Einmal davon abgesehen, dass zum Zeitpunkt als die ersten Vorwürfe laut wurden, man noch gar nichts über die Motive des Schützen wusste (ja auch hier braucht es zuerst Fakten, Watson!), die auch jetzt erst langsam sich zu einem Bild zusammensetzen, sollte man mit solchen Schuldzuweisungen äusserst vorsichtig sein. Das grosse Problem ist uns nämlich sehr wohl von anderen sozialen Phänomenen (man denke zum Beispiel an die “Killerspiele” Debatte) her bekannt: Man kann im Einzelfall kaum eine direkte Kausalität herstellen. Dies wird zusätzlich erschwert durch die extreme Seltenheit solcher Ereignisse. Vielleicht erhöht eine beständig aggressivere Rhetorik im Abstrakten die Wahrscheinlichkeit, dass so etwas geschieht, aber der Täter könnte auch ohne diese in irgend einer dunklen Ecke des Internets oder am Stammtisch in der falschen Kneipe seine Inspiration geholt haben. Eine direkte Verbindung kann kaum hergestellt werden und falls doch, bleibt die Frage, warum die meisten anderen, ihre Sicherungen trotz des aggressiven Diskurs, intakt halten konnten.

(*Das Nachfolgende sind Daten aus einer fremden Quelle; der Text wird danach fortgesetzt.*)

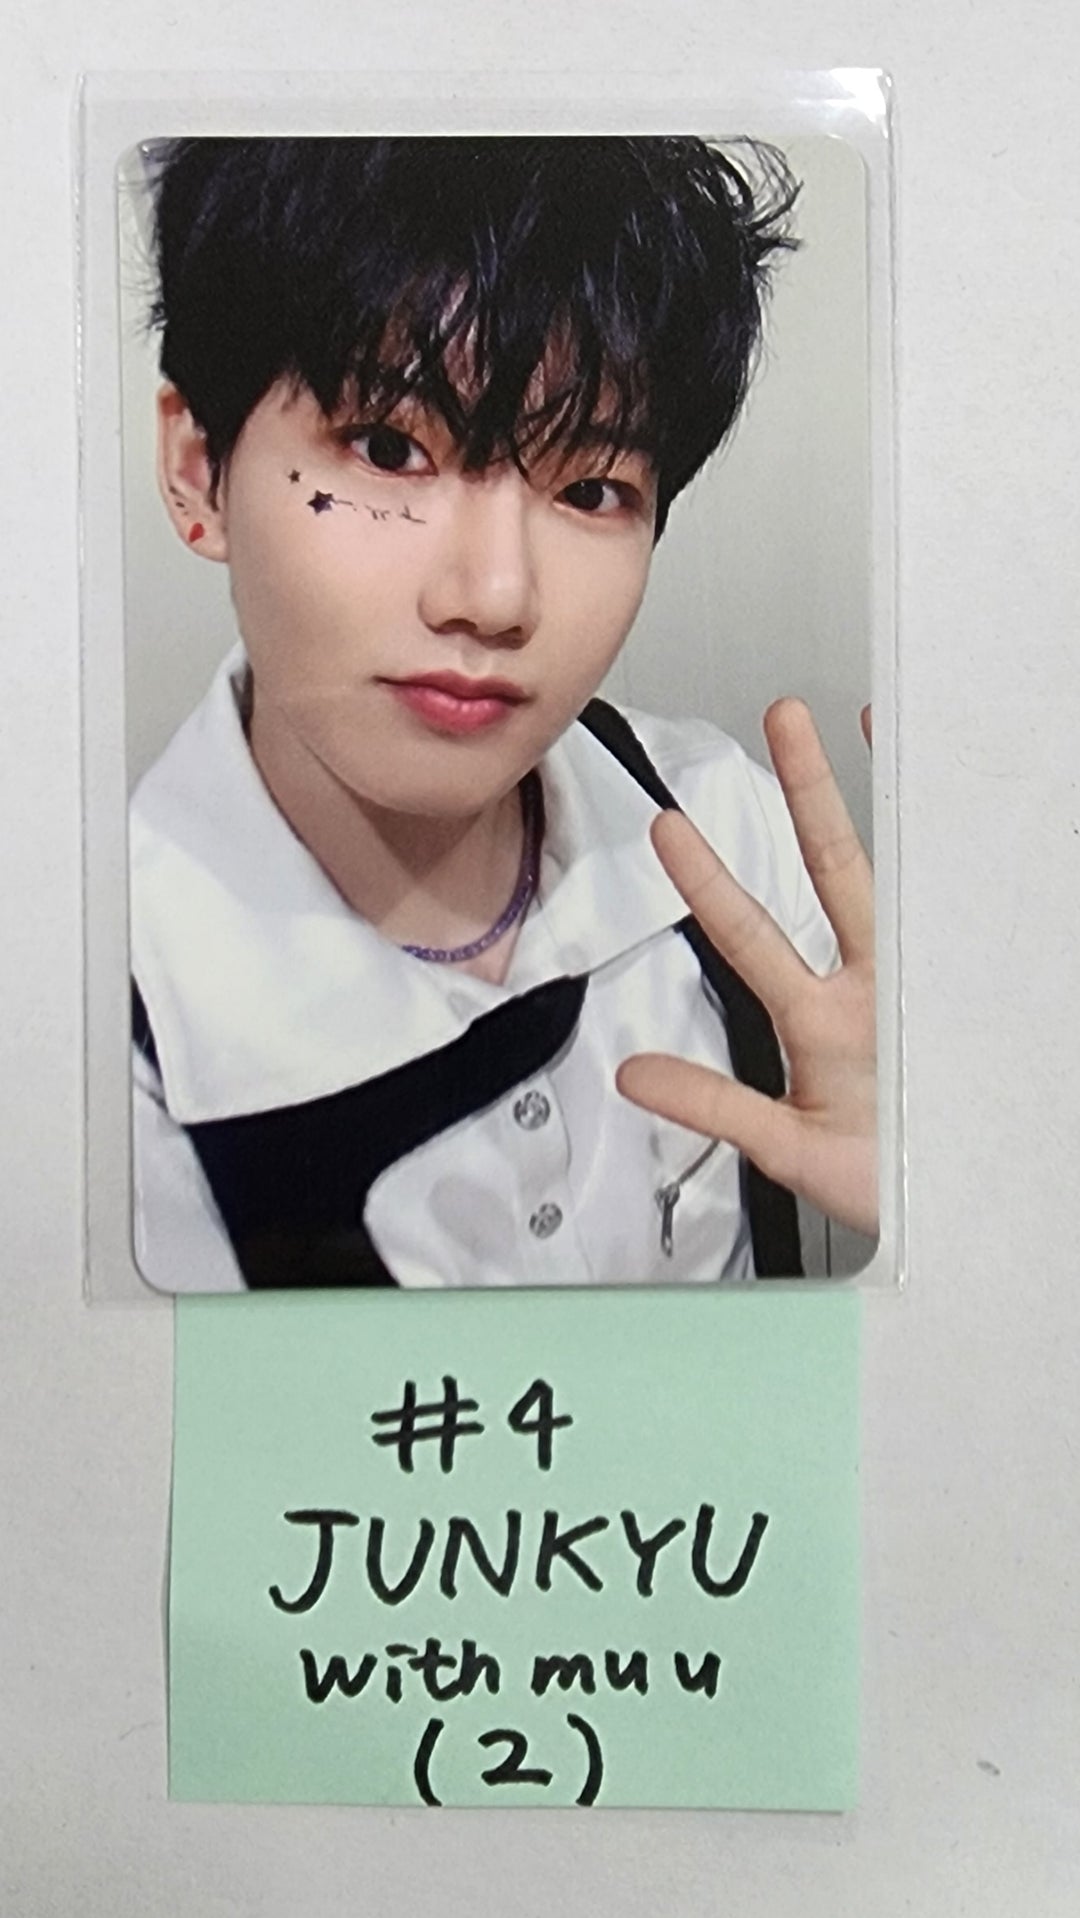 Treasure 'THE SECOND STEP : CHAPTER TWO' - Withmuu Fansign Event Photocard

Damit keine Missverständnisse aufkommen: Ich heisse eine solche Rhetorik keinesfalls gut und halte sie für das politische Klima für sehr schädlich. Gewalt lehne ich zudem grundsätzlich ab. Ich zweifle auch nicht daran, dass Personen wie Palin ihre politische Karriere zu weiten Teilen auf der Wut anderer aufbauen. Doch muss man, so wenig man auch einverstanden ist mit deren Programm, auch bei solchen Leuten den gleichen Massstab anlegen wie bei anderen Themen.
Ebenfalls aufgefallen ist mir, wie schnell man den mutmasslichen Schützen als “geistig verstört” und als mit “psychologischen Problemen behaftet” zu beschreiben anfing. Ich habe kaum Zweifel, dass fast alle, die plötzlich wild um sich schiessen, andere Menschen in die Luft sprengen oder sonstwie mehr oder weniger spontan Zivilisten morden, irgendwelche psychologische Probleme haben müssen. Dies gilt aber konsequenterweise auch für solche, die sich einen Sprengstoffgürtel umschnallen oder Flugzeuge in Wolkenkratzer fliegen. Dort wird diese mediale Diagnose interessanterweise weniger häufig gestellt oder zumindest so mein Eindruck. Vielleicht wird bei religiösen Fanatikern die Pathologie nicht als solche wahrgenommen, weil es sich um gesellschaftlich akzeptiertere Formen von Wahn handelt (schliesslich hat auch George Bush Stimmen gehört und diese als göttlich interpretiert).
Es ist zudem so eine Sache mit politischer Gewalt. Die Definition davon verschiebt sich schnell je nach Kontext, damit eine spezifische Tat einfacher in ein Weltbild eingepasst werden kann. Grundsätzlich sind wohl fast alle diese Taten (unabhängig vom Geisteszustand des Täters) als “politisch” einzustufen. Sind die Opfer doch gerade wegen ihrer öffentlichen politischen Rolle sichtbarer und werden genau deshalb als Ziele ausgesucht. Was die Motive anbelangt handelt es sich hingegen wohl nicht um ein Schwarz oder Weiss, mit dem kalten Ideologen auf der einen Seite und dem kranken, geistesgestörten auf der anderen. Meist vermischt sich beides und es ist schwer auszumachen wie gross der jeweilige Anteil ist. Dies gilt auch beim Thema Terrorismus.
P.S.: Ich habe eine Deadline für Mitte Februar und werde darum das Bloggen und Antworten in den Kommentaren etwas zurückschrauben müssen. Es werden auch häufiger Kommentare wie dieser anzutreffen sein die kommenden Wochen, da solche weniger arbeitsintensiv sind für mich. Danach verspreche ich dem Science in der url oben wieder mehr Rechnung zu tragen.